Siz, ben, hepimiz biliyorduk ki demirperde bir gün ortadan kalkarsa Berlin Duvarı da yıkılacaktı; ya da tam tersi Duvar yıkıldığında demirperdeyi de kendisiyle birlikte yok edecekti. Gerçekten de bu oldu: Prag'lıların Batı Almanya Büyükelçiliğinin önünde bekleyen Doğu Alman vatandaşlarına çay getirişini, hepsinin Batı Almanya'ya doğru otobüslerle yola çıktıklarında duyduğu sevinci hiç unutamam.
O anlar çılgınlık ve coşku anlarıydı; komünizmin yönettiği kendi dünyamıza ait olmayan her konudaki müthiş cehaletimizle birleşen o olağanüstü saatler ideallerimizi hayallerle besliyordu. Batı'yı yalnız dıştan, vitrinlerinden, mallarının tükenmez bolluğundan, otomobillerinden, televizyon yayınlarının çekiciliğinden tanıyorduk. Batı konusundaki idealleştirilmiş bu vizyonumuz, ekonomik mucizenin sıkı ve çok çalışmayı gerektirdiği, genellikle büyük bir güvensizlik duygusu aşıladığı ve herkesi kendi sorumluluğuyla başbaşa bıraktığı gerçeğini içermiyordu. İstediğiniz şeyi garantilemeden karşılığında çok şey istemekteydi.

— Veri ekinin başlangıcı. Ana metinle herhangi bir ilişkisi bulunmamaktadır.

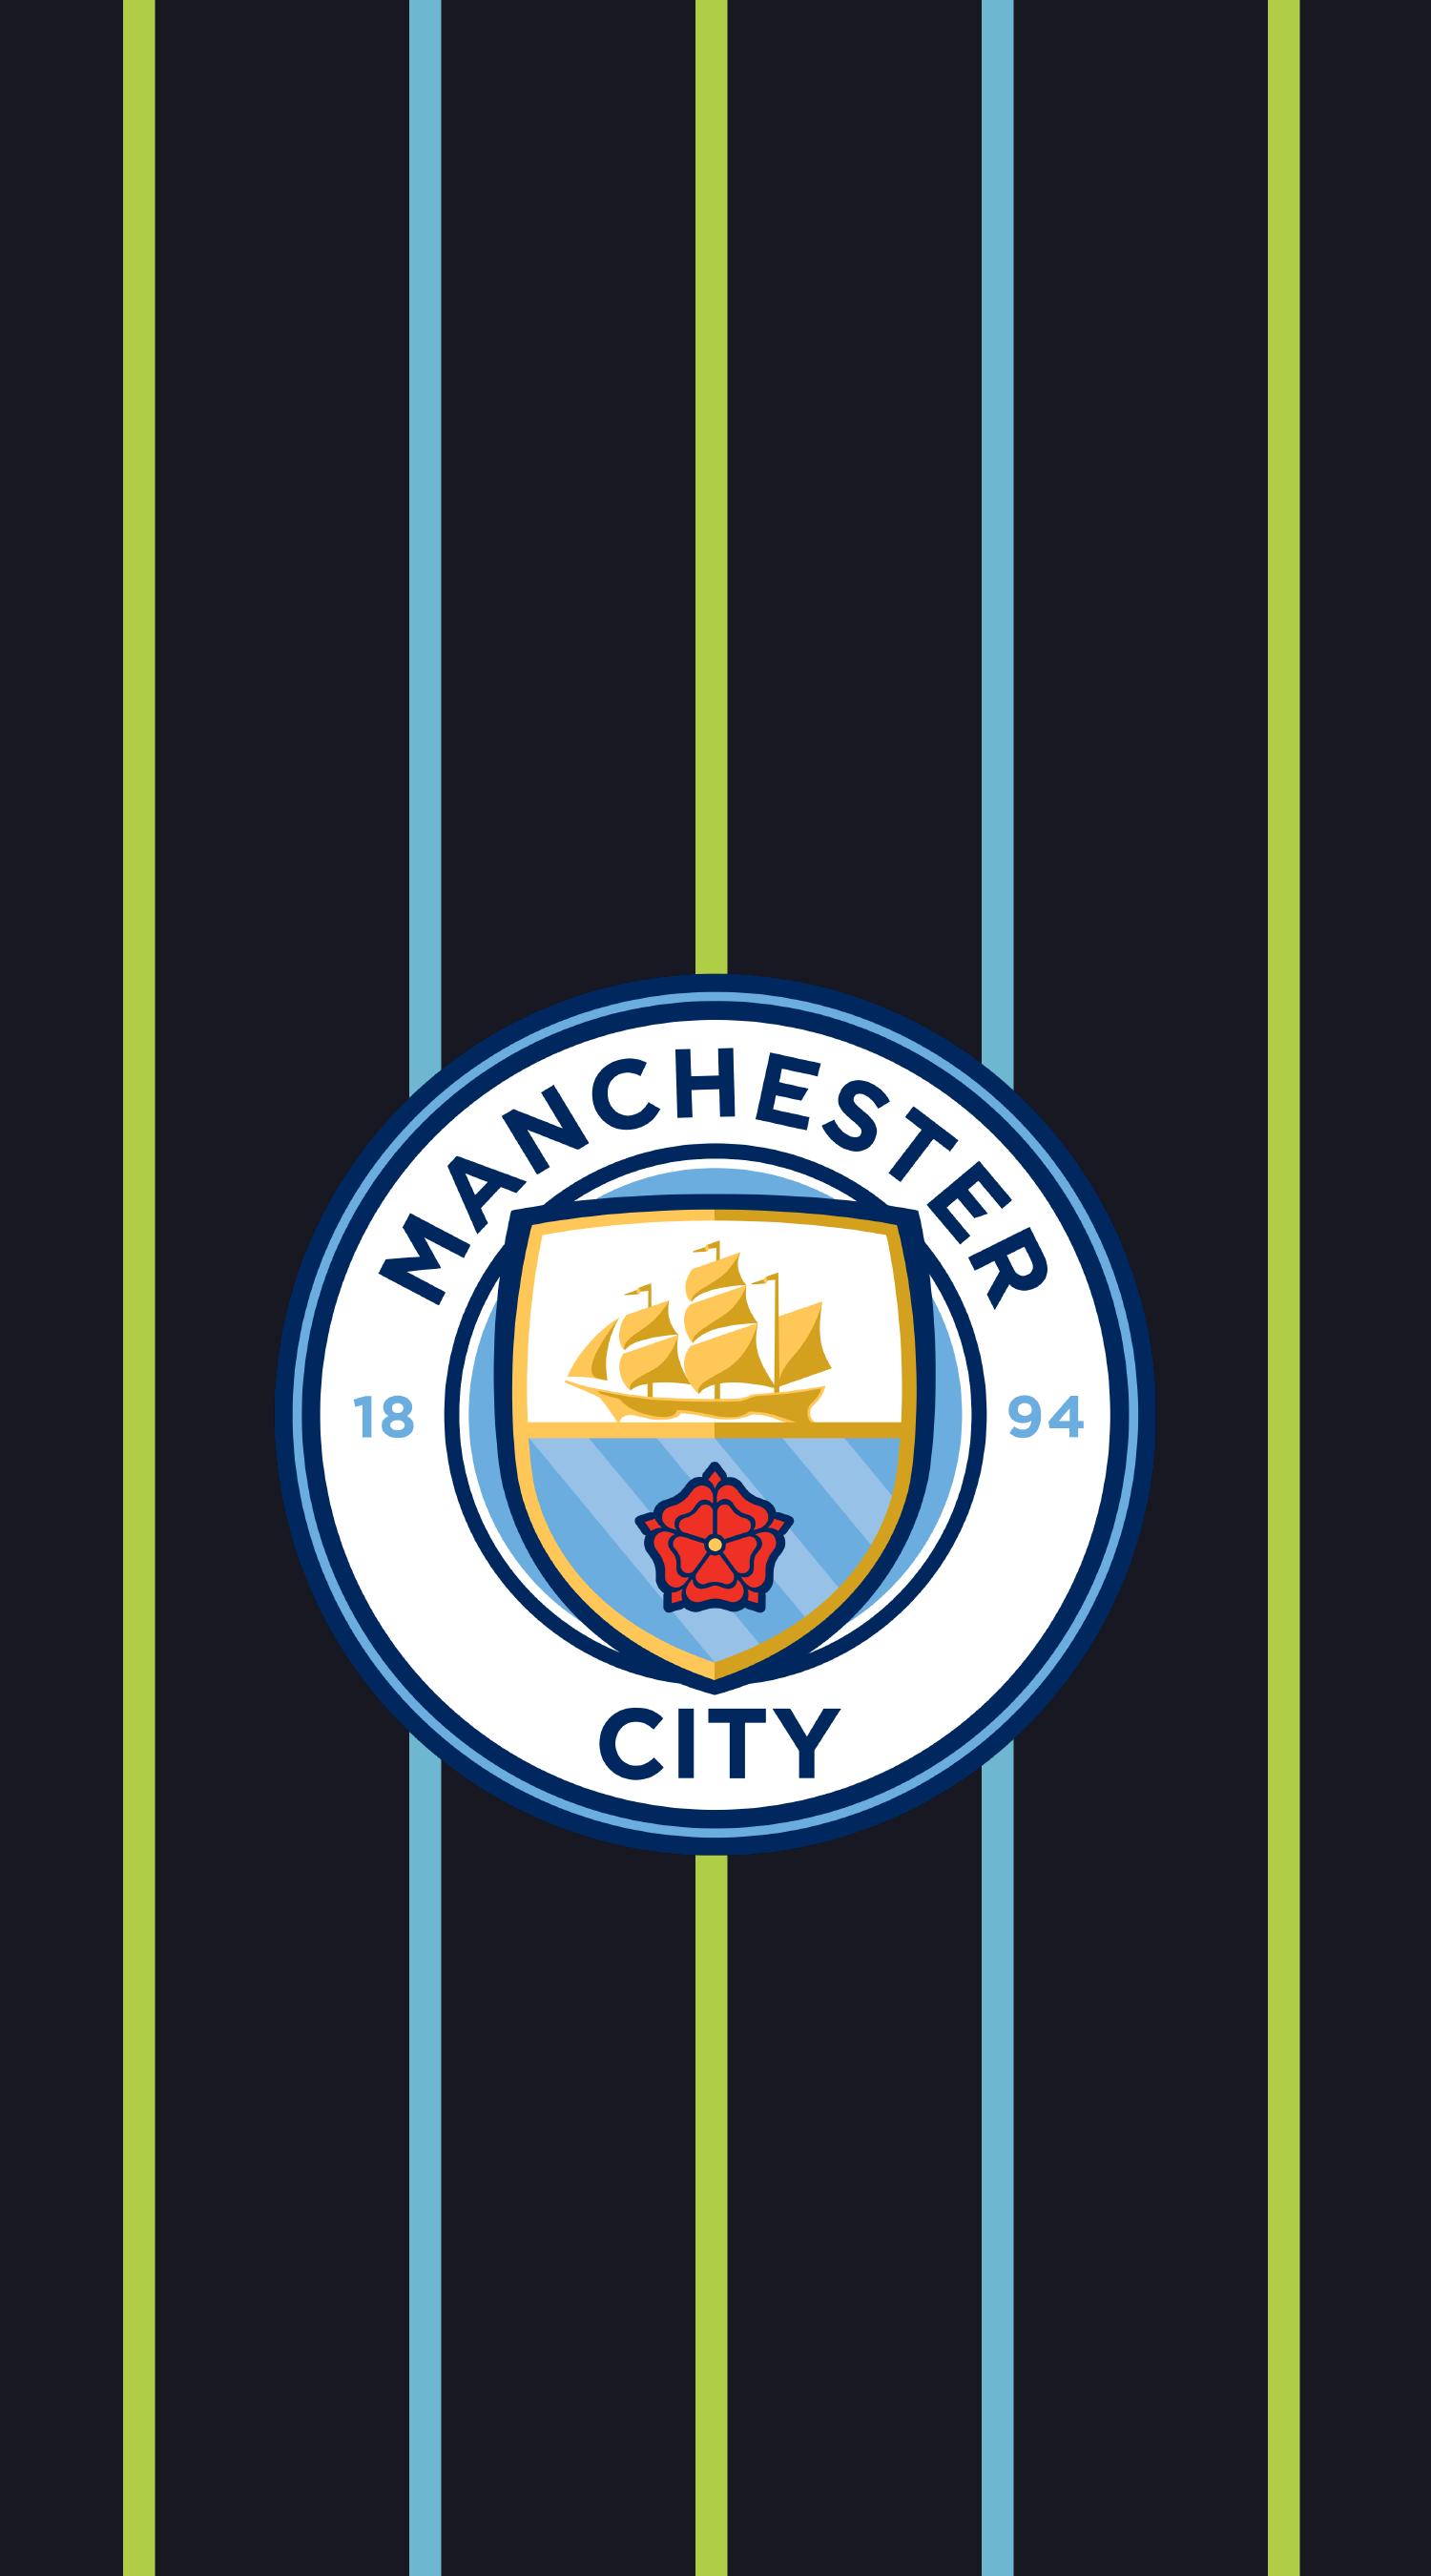 Pin Oleh Airdragger Di Crests Kits Sepak Bola Liga Inggris Olahraga

Devrimin coşkusu içinde, hayatlarının bir cennete dönüşeceğini sananlar çoktu. Bu, hapishanenin kapıları açıldığında mahkumları sarmalayan aldatmacanın aynısıydı.
Söylemeye gerek var mı; yeryüzü cenneti randevuya gelmemişti.

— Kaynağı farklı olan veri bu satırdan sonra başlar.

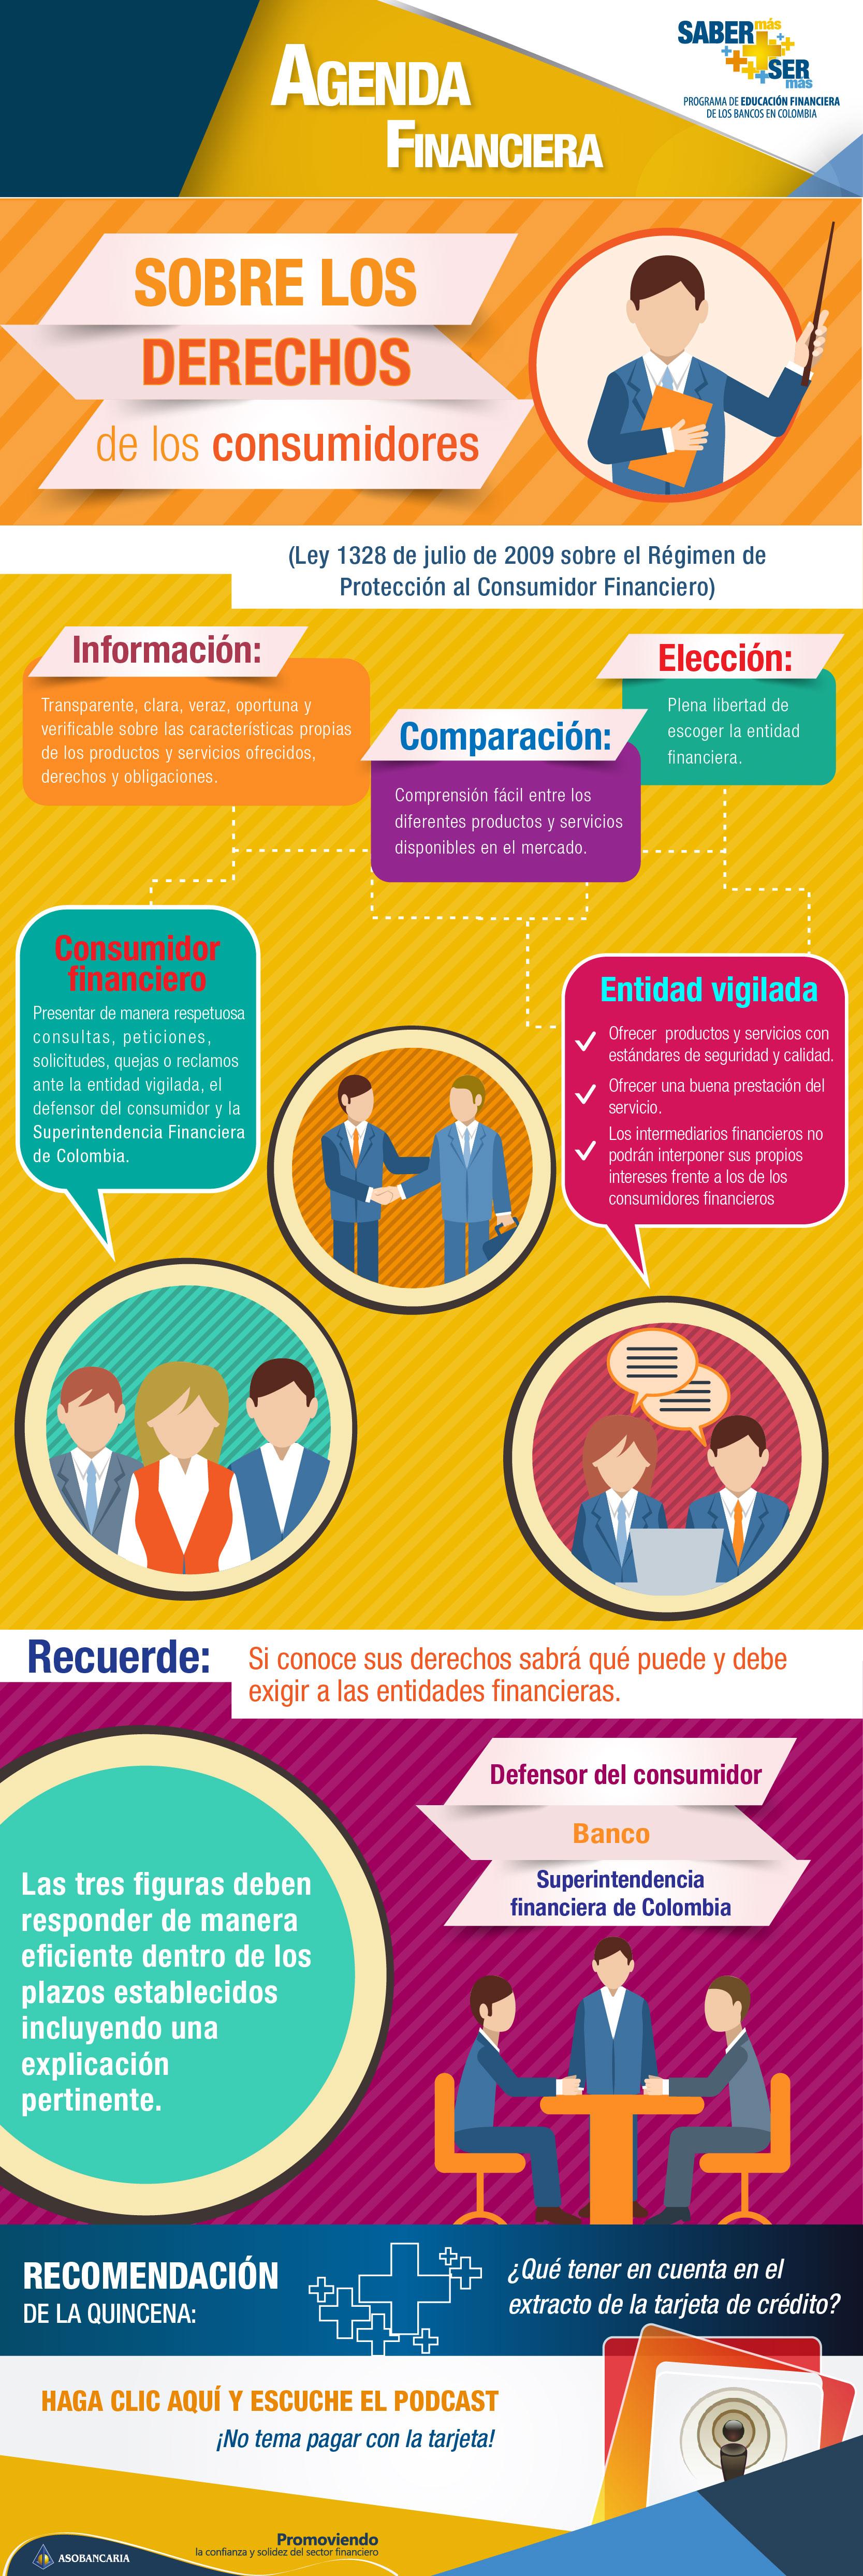 Boletin 81- Sobre los derechos de los consumidores

Christophe Dugarry’nin kaleminden Zidane
26 yaşında. Artık futbol evreninin en çok aranan 10 numarası. Fransa futbolda dünya şampiyonu olunca o da Fransa'da bir ulusal kahraman haline geldi. Onu, şampiyon Fransız milli takımının ve Marsilya takımının forvet oyuncusu Christophe Dugarry anlatıyor.

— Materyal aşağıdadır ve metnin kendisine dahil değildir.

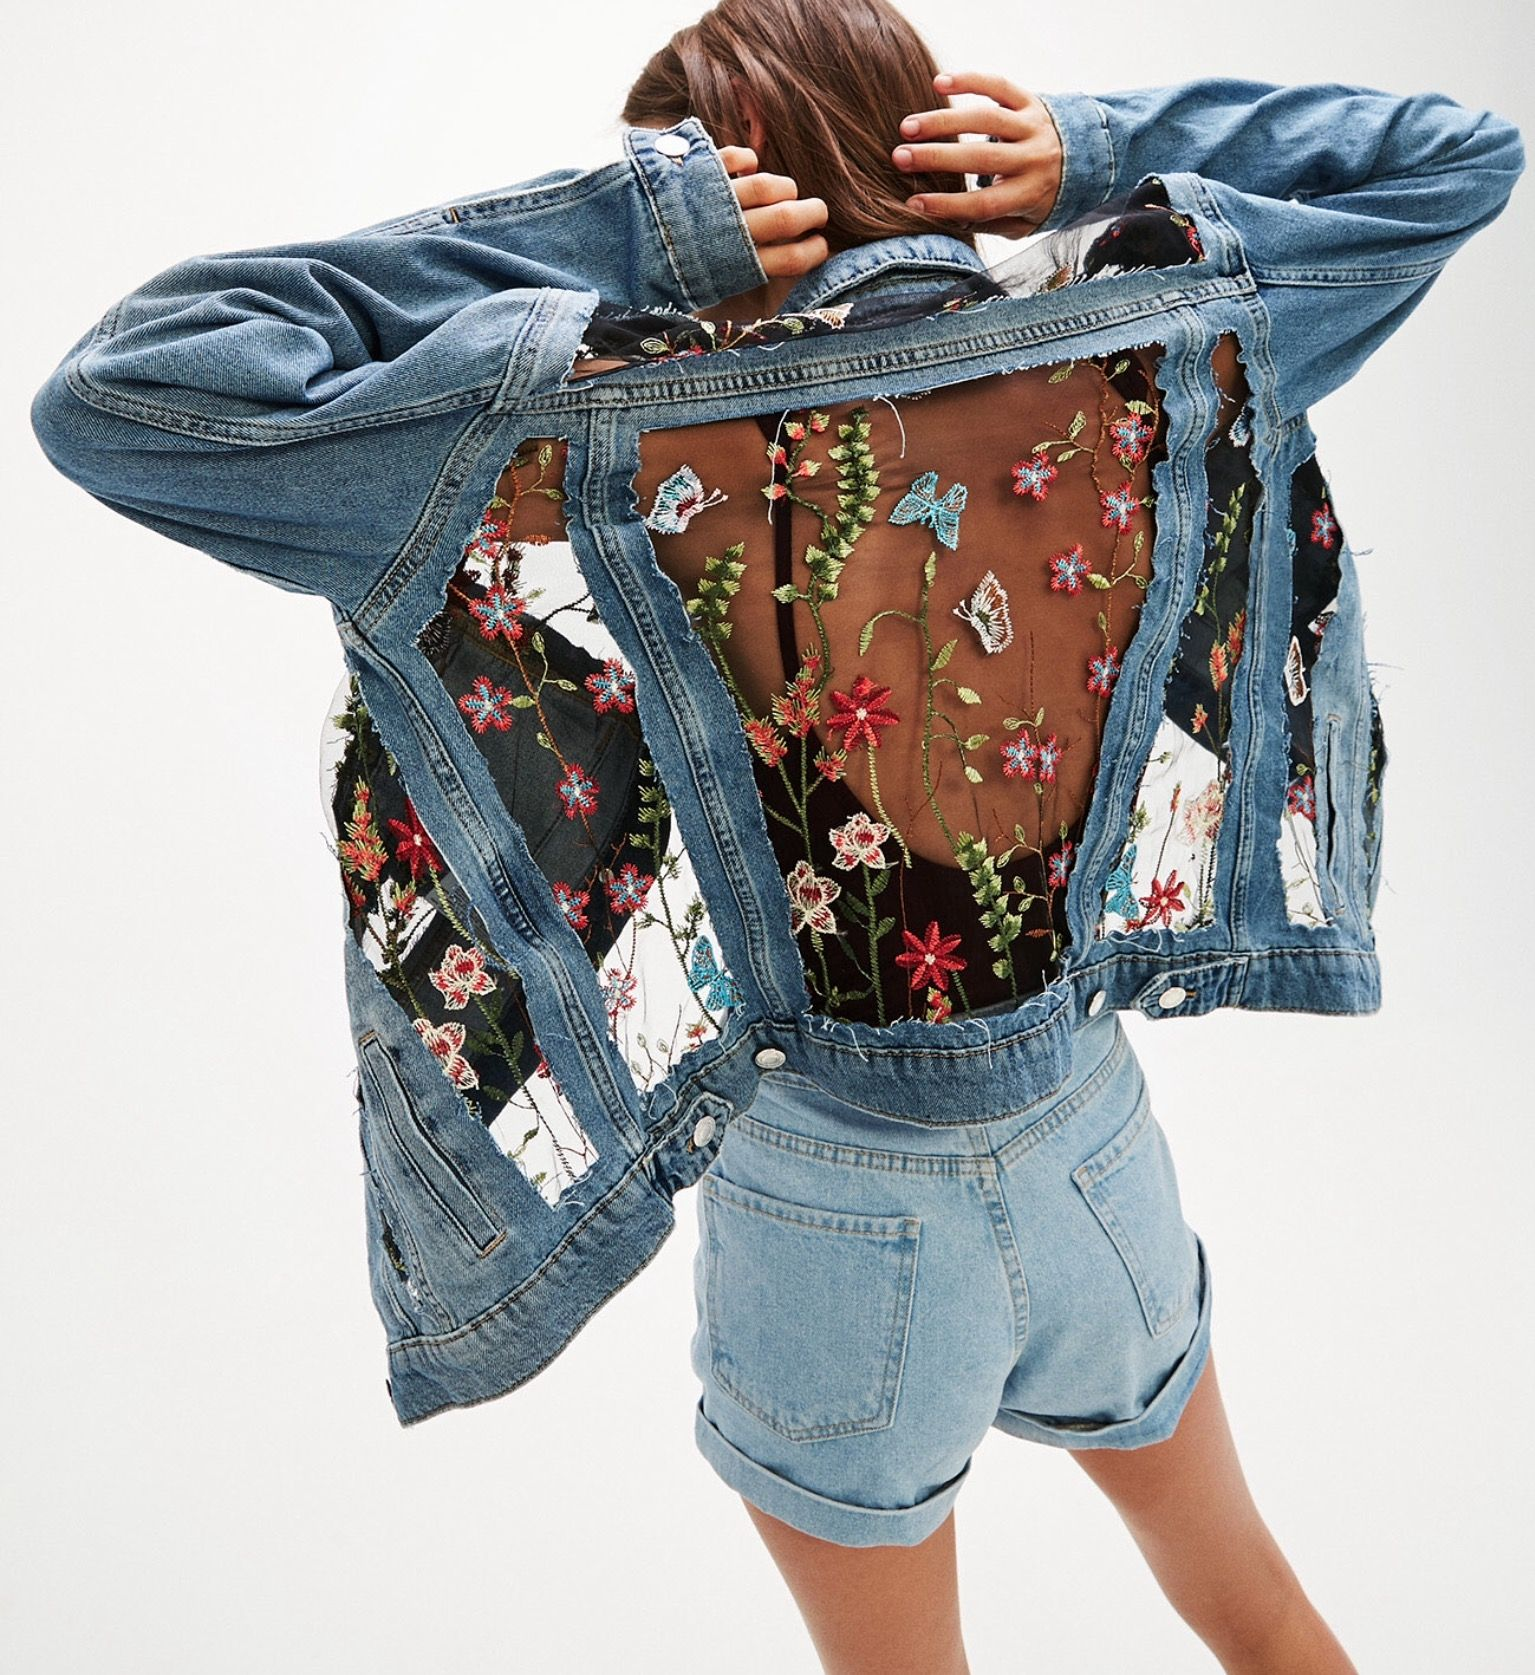 Célèbre Épinglé par Wilma sur Denim | Pinterest | Vêtements, Customisation  AK59

Bir dostluğun doğmasını, yaşamasını ve bu kadar güzel olmasını sağlayan o küçük şeyleri nasıl anlatmalı... İşaretler vardır... Oğlu Enzo doğduğunda (Fransa Ümit milli takımıyla birlikte çalışıyordum) telesekreterimde bir mesaj buldum. Sesi titriyordu. Oğlunun benimle aynı günde doğduğunu söylüyordu. Doğru hastaneye koştum. Doğası gereği Zizu kendini öne çıkarmayı sevmez. Ancak insanları tanıyıp onlara güvendikçe açılır. Bu son altı ayda çok şey öğrendi. Star sistemi sayesinde o aşırı çekingenliğini aşabildi. Bugün artık isyan edebiliyor, kendisine saygı duyulmasını sağlayabiliyor. Ne olduğunu (dünyanın en iyi futbolcusu) ortaya koyabiliyor. Aslında ailesiyle birlikte ıssız bir adada yaşamayı tercih ederdi. Bunun nedeni kuşkusuz kökeni: Cezayir.